TV3 first aired Rugby with coverage of the 2007 Rugby World Cup. The channel had coverage of 13 games with all Ireland matches, quarter-finals, semi-finals, the final and the opening match shown live alongside Setanta Ireland who broadcast all matches. TV3 coverage in 2007 was hosted by Matt Cooper with analysis by Paul Wallace, Trevor Brennan, Jim Glennon, Michael Cheika, Jim Williams and Victor Costello. The commentators were Conor McNamara and Phillip Matthews.

Days after the loss of Gaelic games Championship rights in 2014, the station secured live free to air coverage of the 2015 Rugby World Cup. TV3 broadcast all 48 matches in the 2015 Rugby World Cup. Coverage was presented by Matt Cooper or Tommy Martin alongside Keith Wood, Matt Williams, Peter Stringer, Shane Jennings, Neil Back, Murray Kinsella with commentary by 2 commentary teams – the first being Conor McNamara, Stuart Barnes and Liam Toland and the second being Dave McIntyre and Hugo McNeill. Other commentary was provided by the world field such as Andrew Cotter, Joel Stransky, Alan Quinlan, Chris Patterson. The coverage has been met with significant criticism due to the high number of ad breaks and their positioning throughout the coverage.

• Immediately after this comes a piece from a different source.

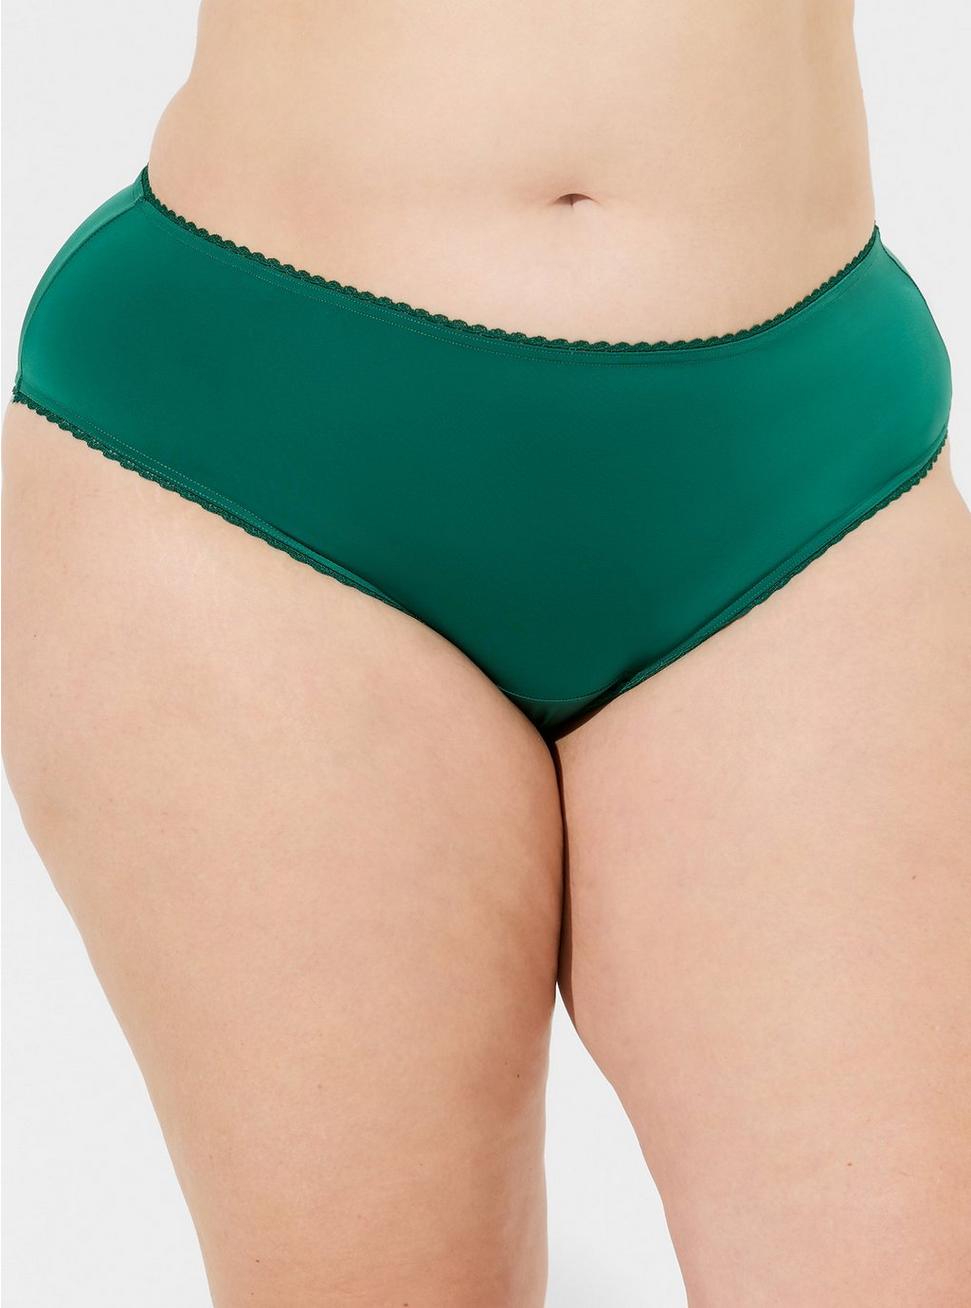 Plus Size - Second Skin Microfiber Hipster Panty With Cage Back

After a successful Rugby World Cup for TV3 they shocked RTÉ Sport in November 2015 by winning the rights to broadcast all matches in the 6 Nations from 2018 to 2021 with RTÉ continuing to cover the tournament in 2016–2017.

===Daytime programming===
Virgin Media One's daytime TV takes up the majority of its home produced programming. Virgin Media Ireland has stated that 40% of its total output is of Irish origin 10% more than its requirement under its broadcast licence with the Broadcasting Authority of Ireland. Together Ireland AM, News at 12.30, The Six O’Clock Show and News at 5.30 make up 32 hours of television each week.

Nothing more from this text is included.